Dataset section:
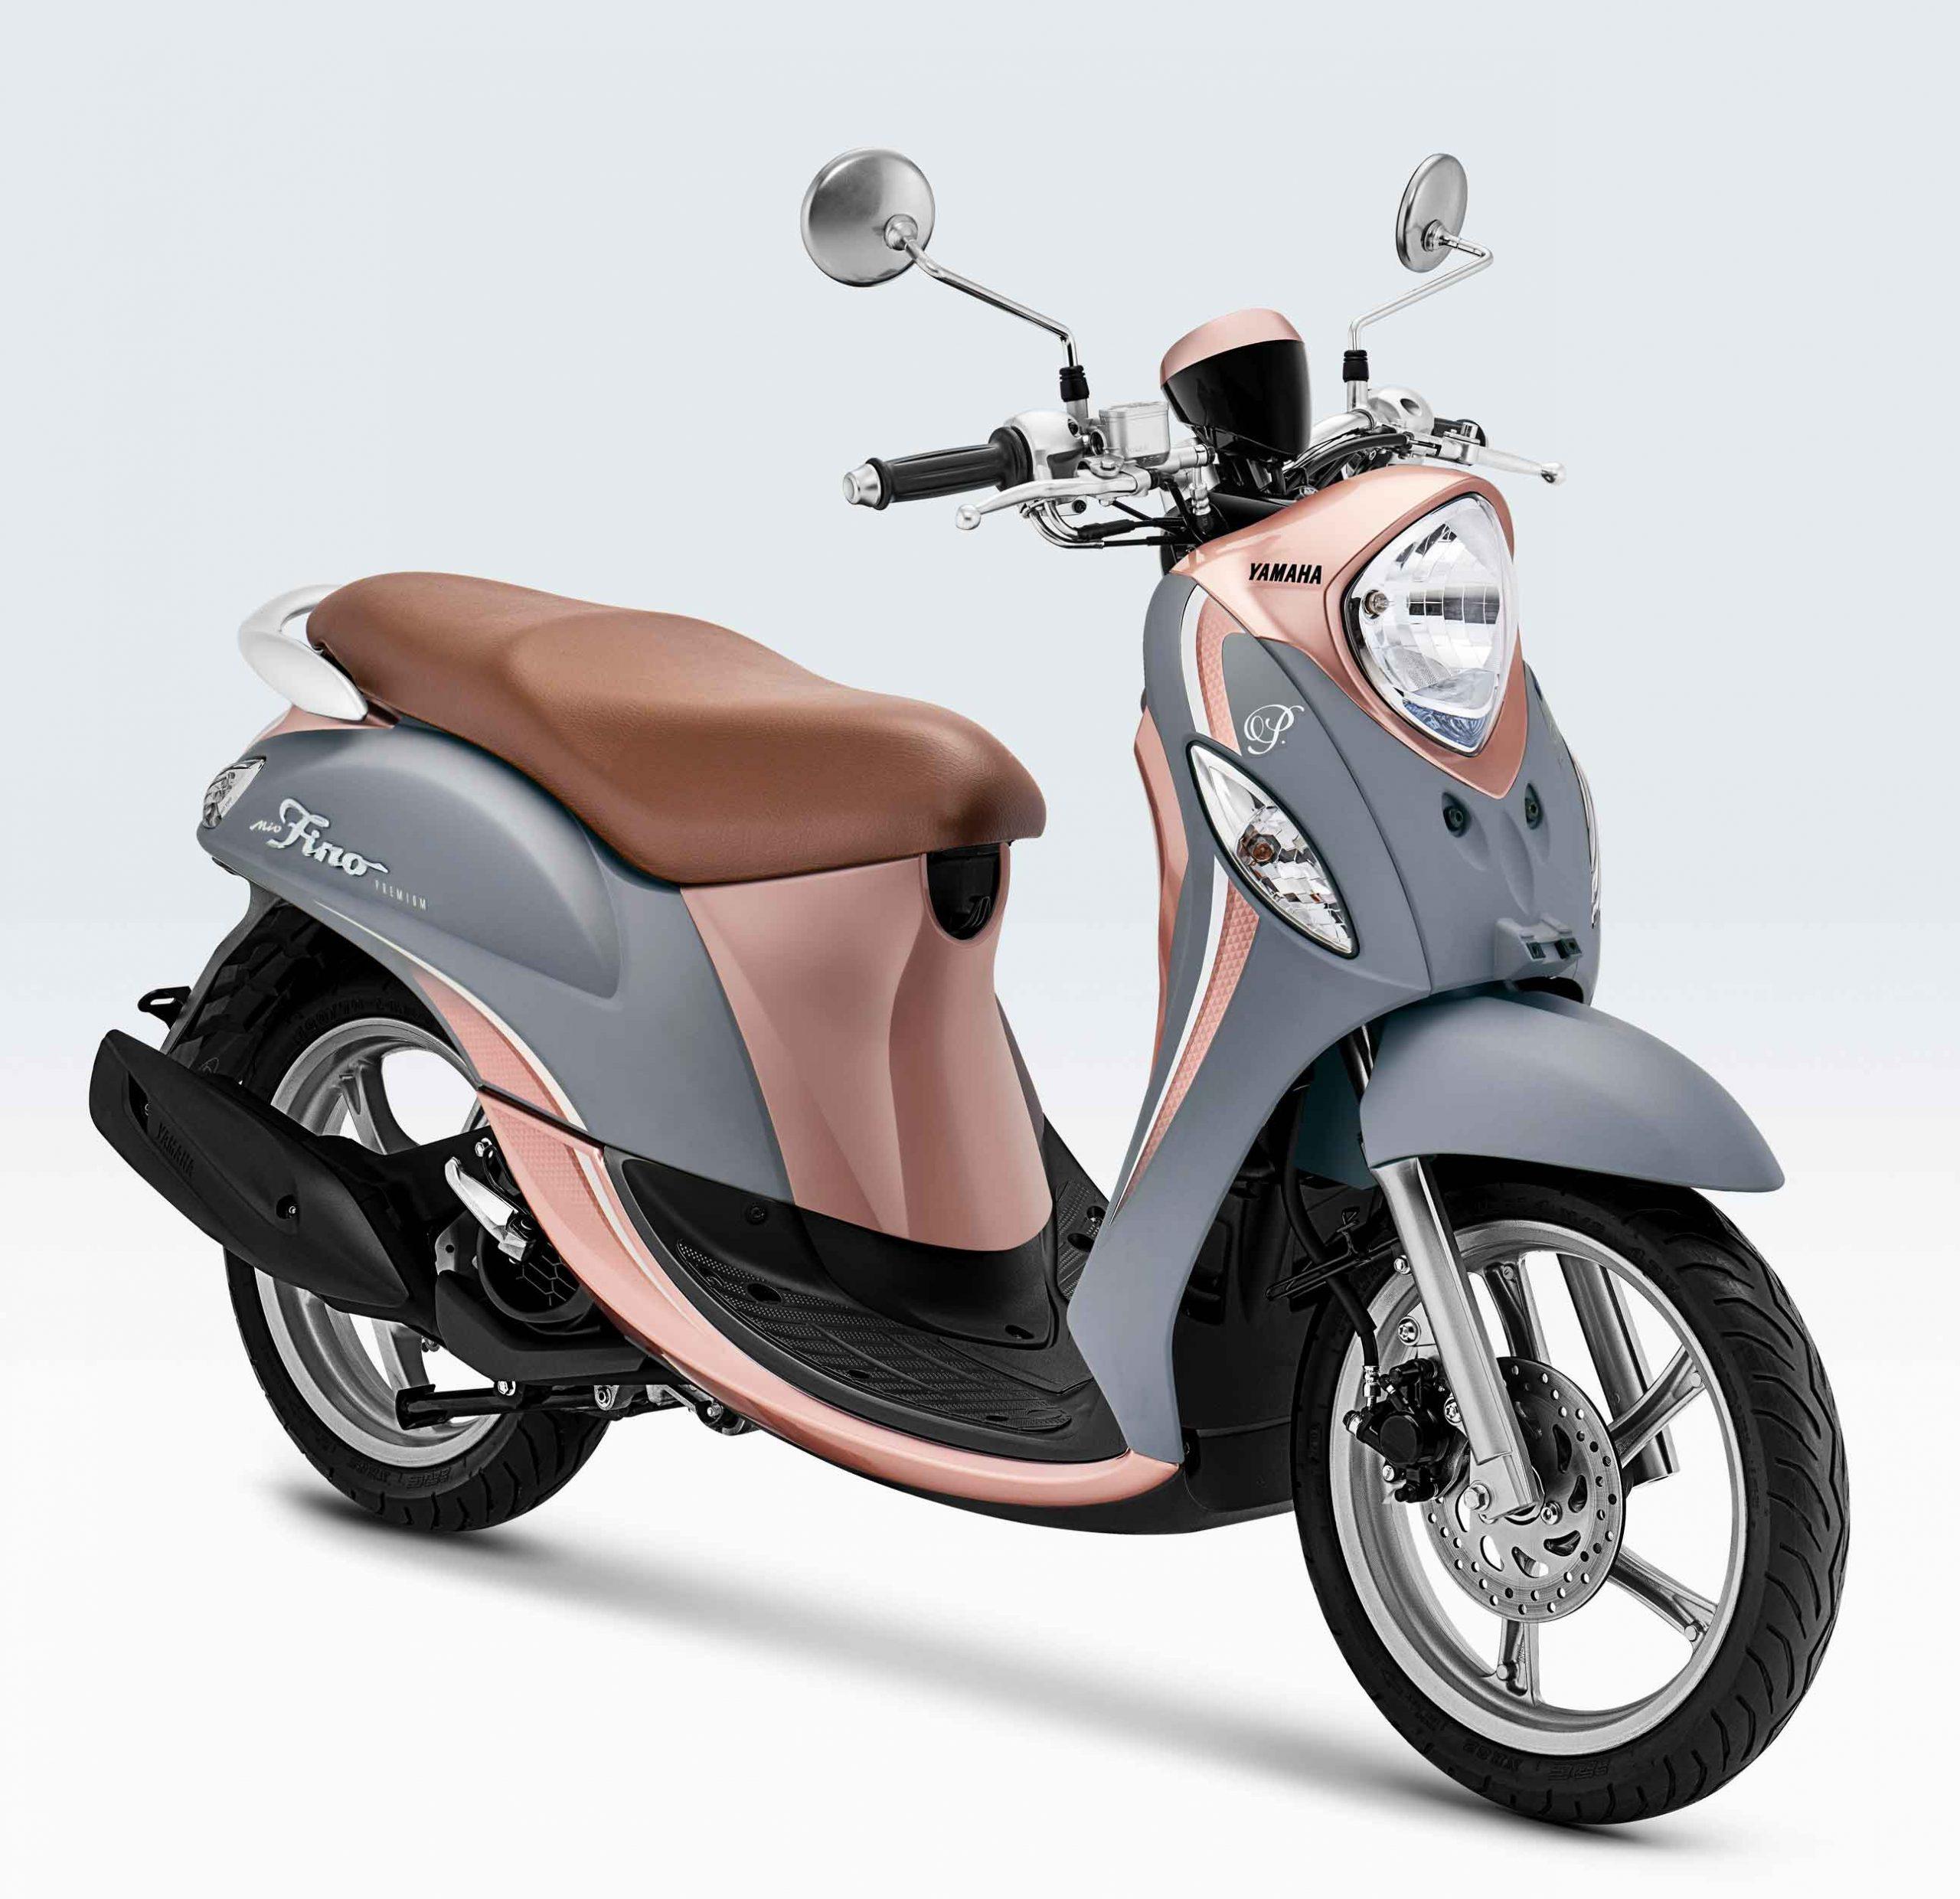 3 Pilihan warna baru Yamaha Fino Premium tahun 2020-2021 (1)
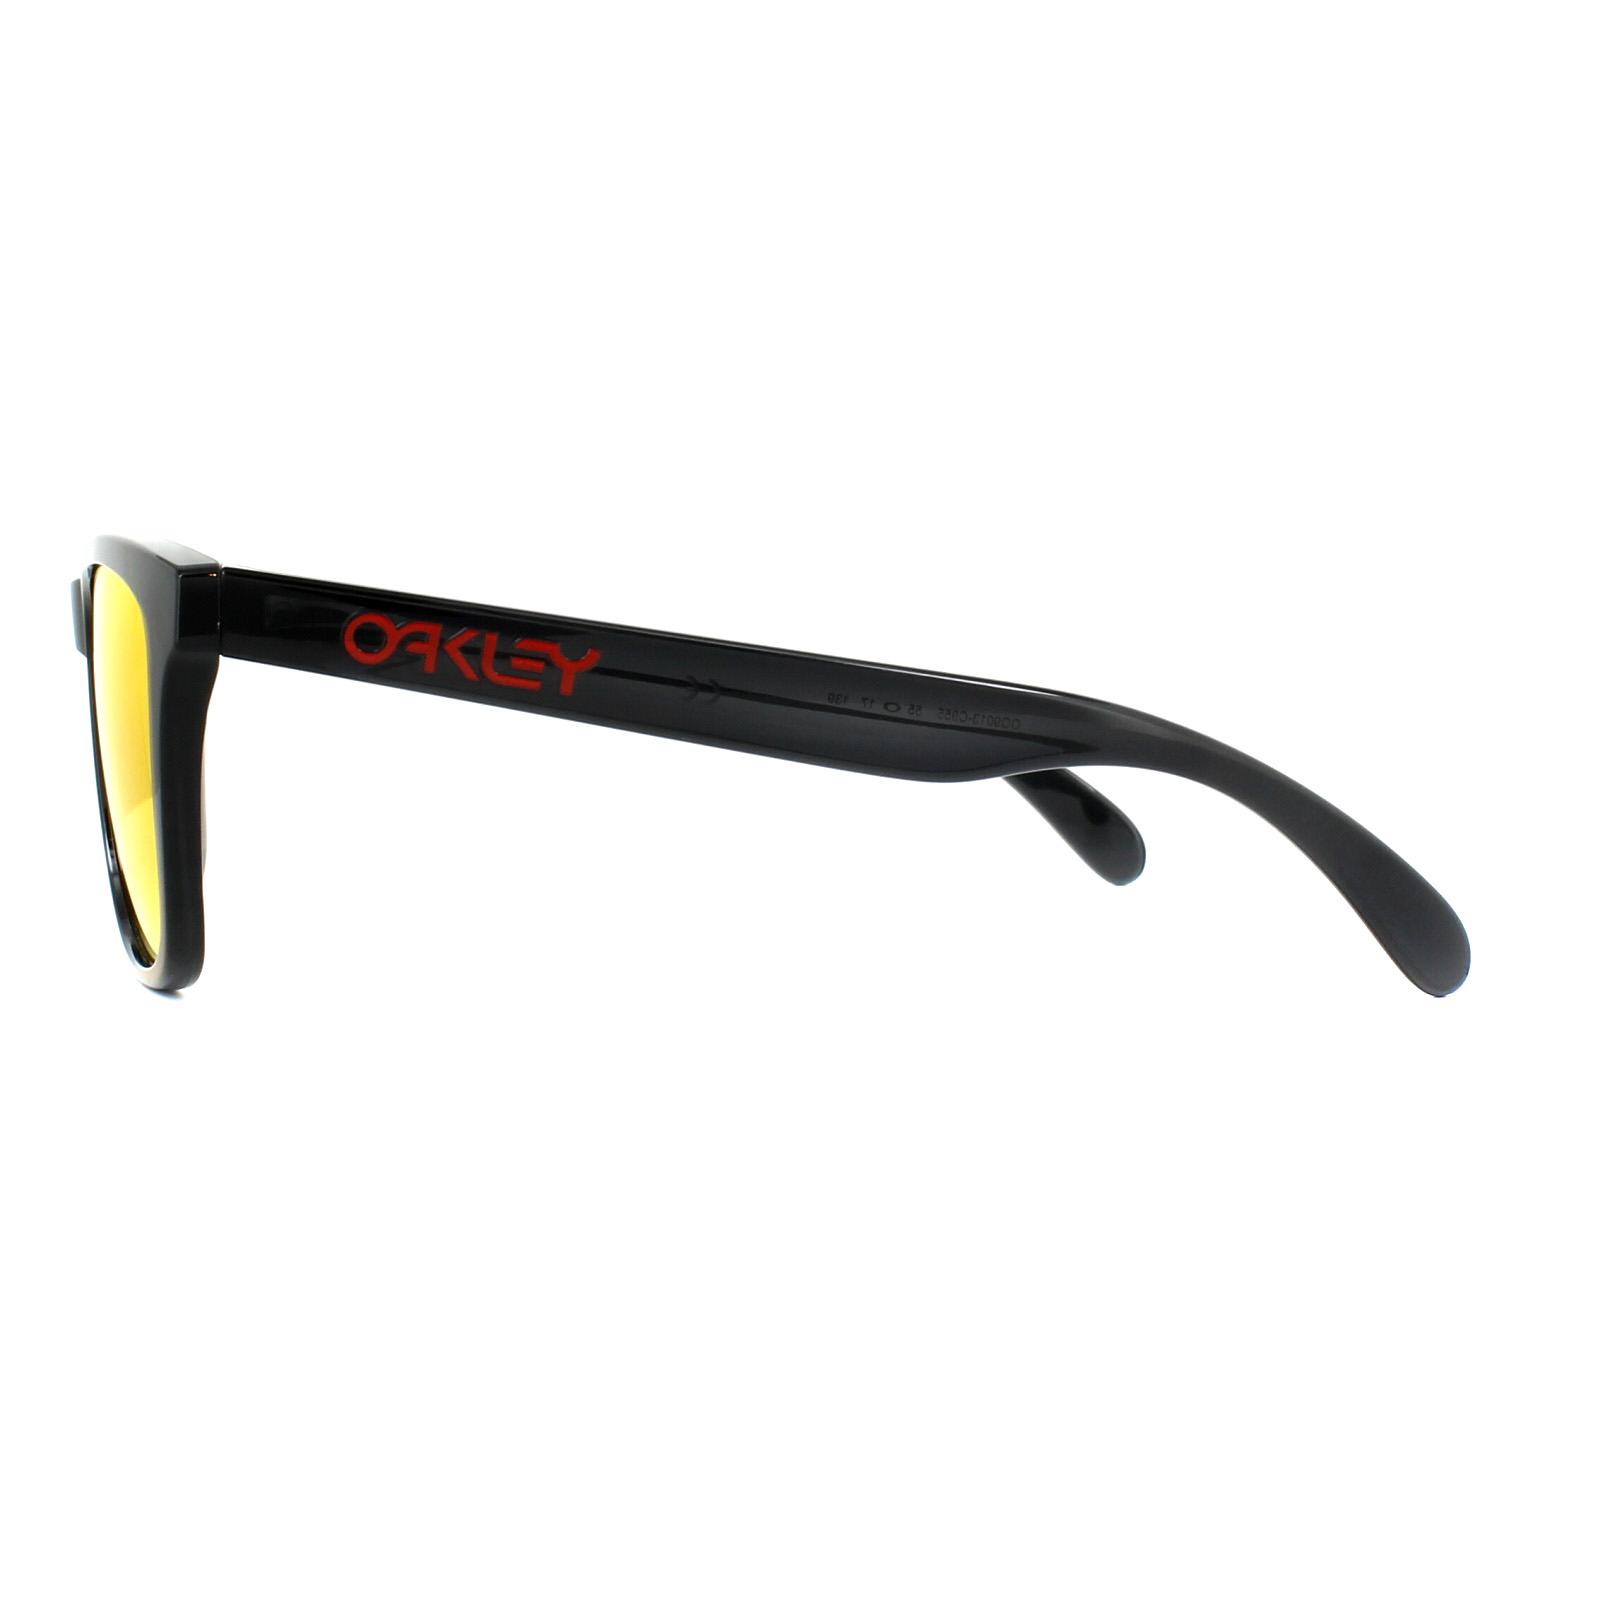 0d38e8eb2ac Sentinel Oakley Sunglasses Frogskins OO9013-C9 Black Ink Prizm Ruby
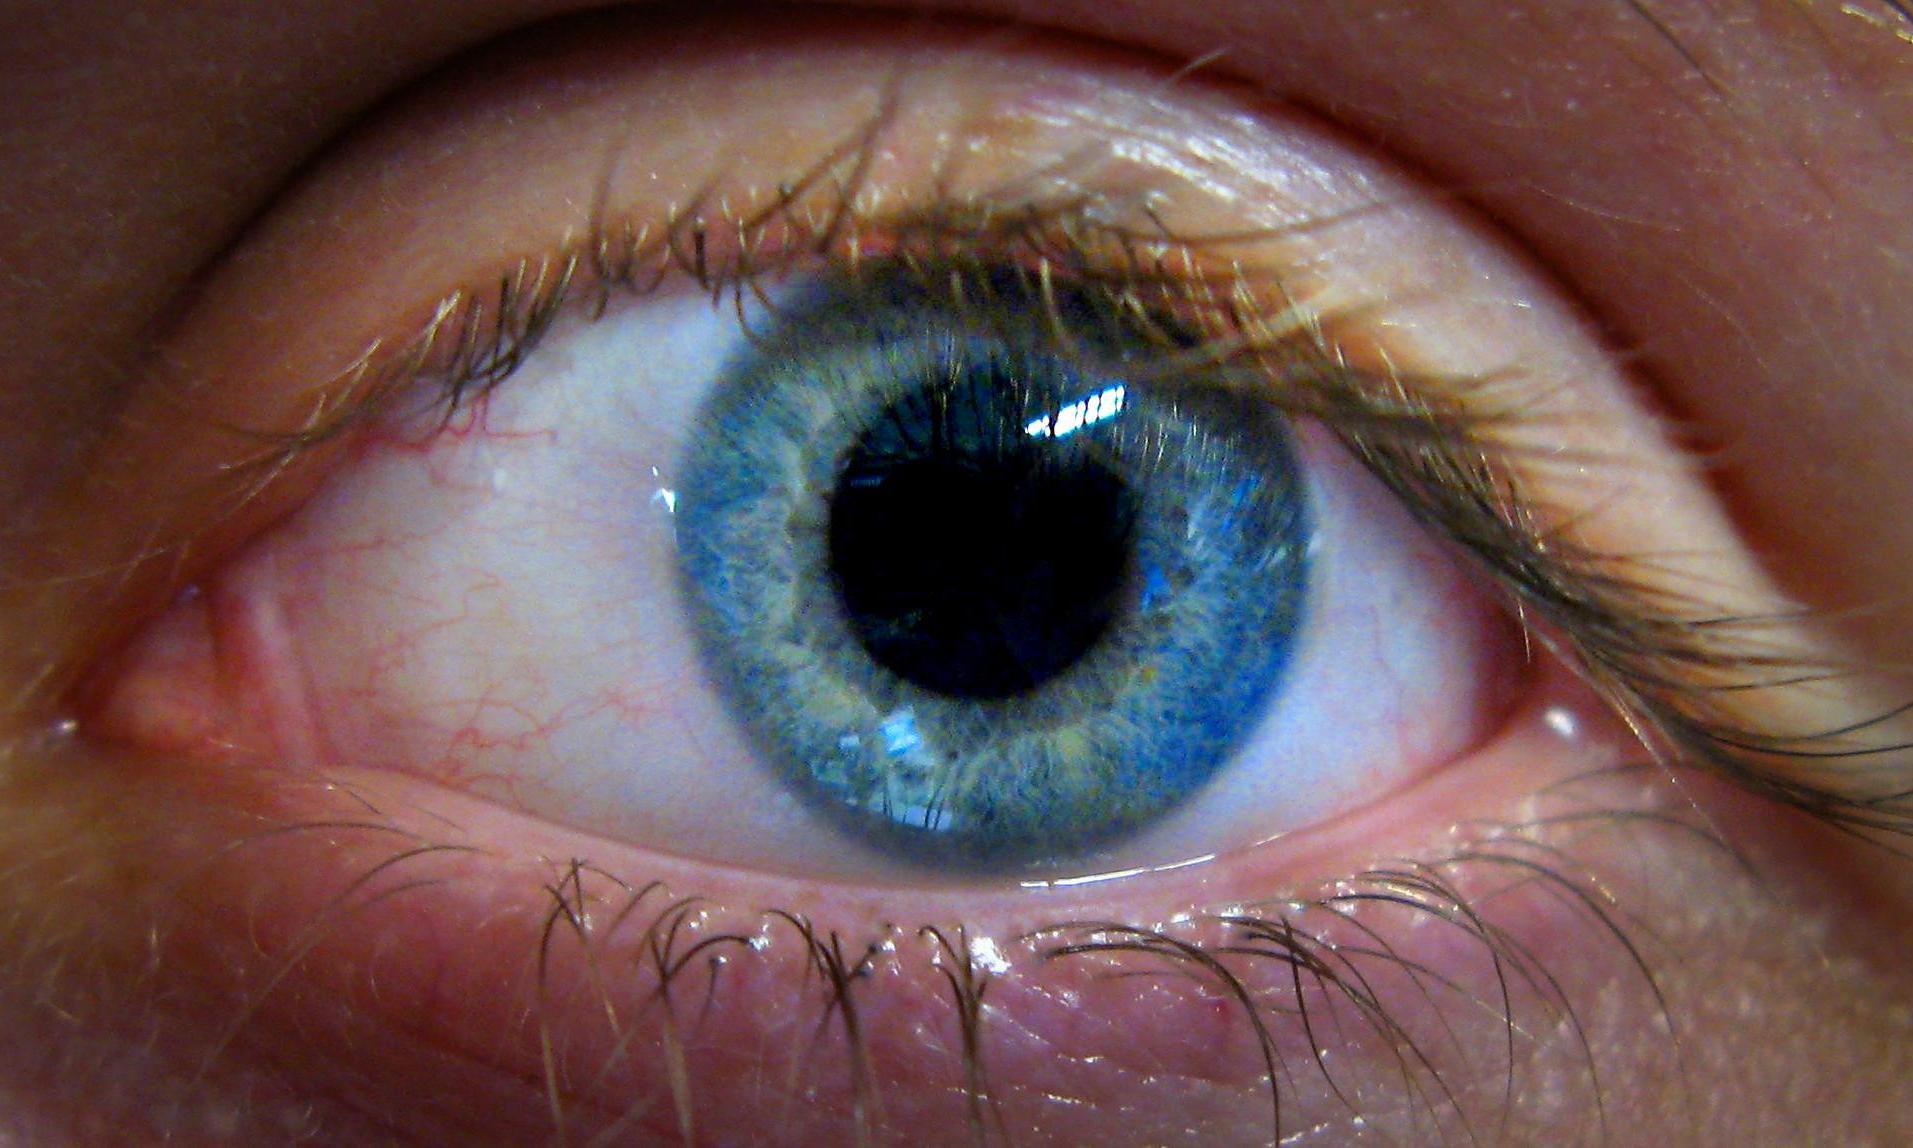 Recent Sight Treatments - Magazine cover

Problem details: Transcribe all the data word for word; the images stay out.

Response:
 3 Pilihan warna baru Yamaha Fino Premium tahun 2020-2021 (1)
 0d38e8eb2ac Sentinel Oakley Sunglasses Frogskins OO9013-C9 Black Ink Prizm Ruby
 Recent Sight Treatments - Magazine cover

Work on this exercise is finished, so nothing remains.